And for a long time, wolves were mostly out of the news, until the mid-1990s when the reintroduction of wolves in Yellowstone put people in Colorado on high alert. Reports of wandering wolves started increasing here, some unfounded, but some totally accurate. In 2004, a wolf made its way down from Yellowstone and was hit and killed by a vehicle on I-70 near Idaho Springs. In 2009, another Yellowstone wolf — this one wearing a tracking collar — traveled through Eagle County before being found killed by poison in Rio Blanco County.
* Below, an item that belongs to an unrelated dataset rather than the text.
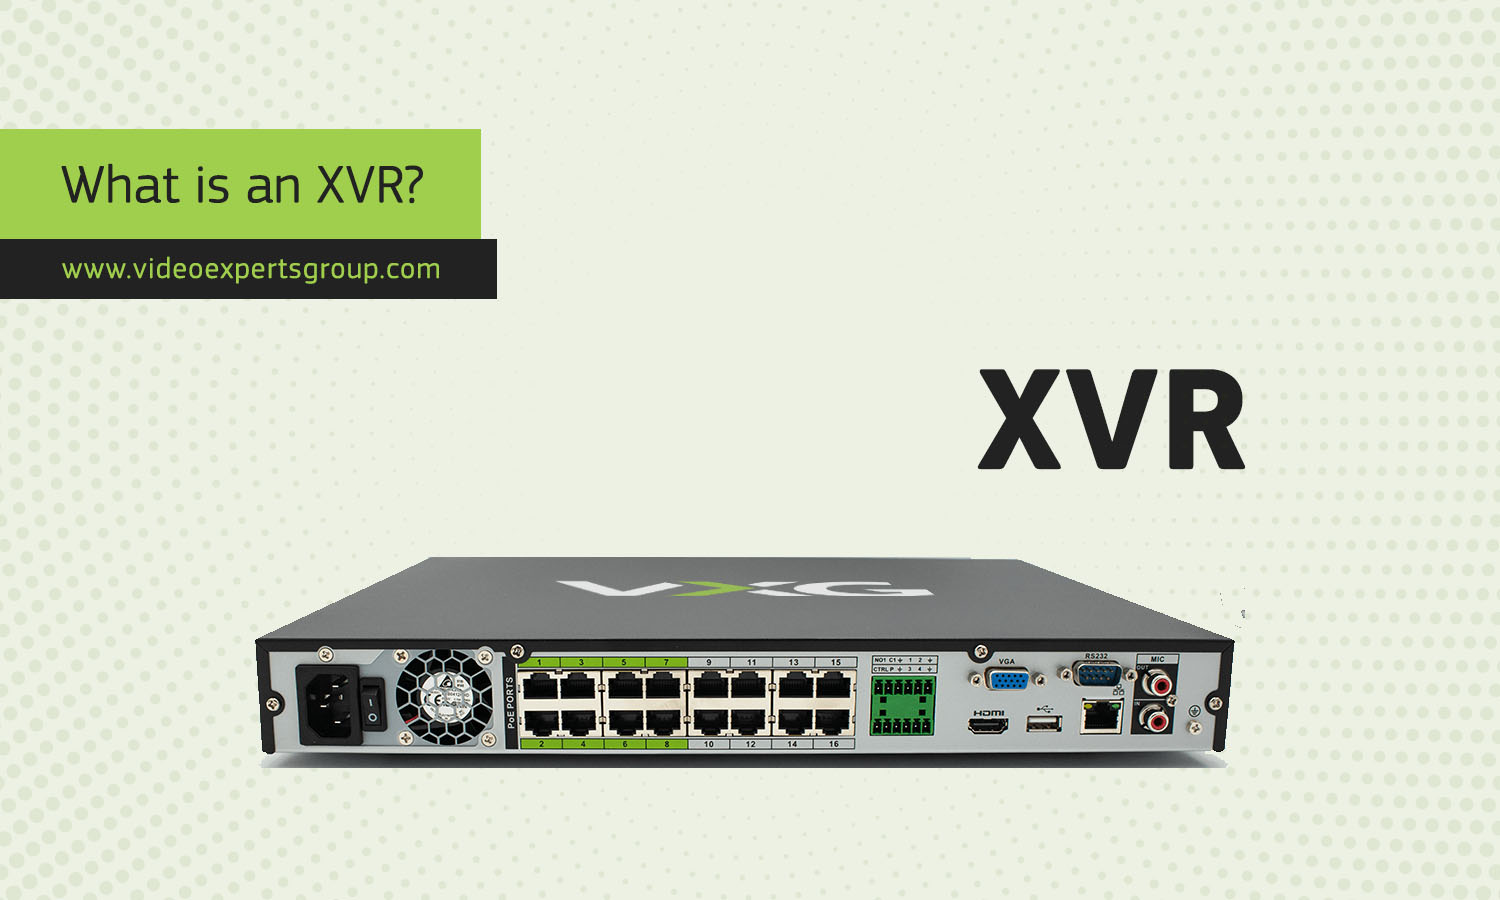 What is an XVR?

But the story of a wolf in Colorado that might have made the most headlines occurred during that period between eradication in 1945 and the Yellowstone reintroduction in 1995. Exactly 50 years ago, in January of 1975, President Ford awoke one morning in Vail to find the heater had broken in the house he was staying in. Temperatures inside the house were in the 30s, and Betty Ford donned the President’s fur coat to stay warm. She was photographed in it, and when asked about the jacket, the President revealed that it was made of Alaskan wolf hide.
Protests ensued, culminating with a visit from a man named Ruffin Harris of Aspen. Harris stood outside the home Ford was staying in on Mill Creek Circle for hours; alongside him was his pet wolf, Sasha. The protest made nationwide news, and by the end of it, a crowd of 300 people had gathered alongside Harris and Sasha in Vail. United Press International photographed Harris and Sasha outside the home, and Harris was holding a sign that read “Wolves are better wild than worn.”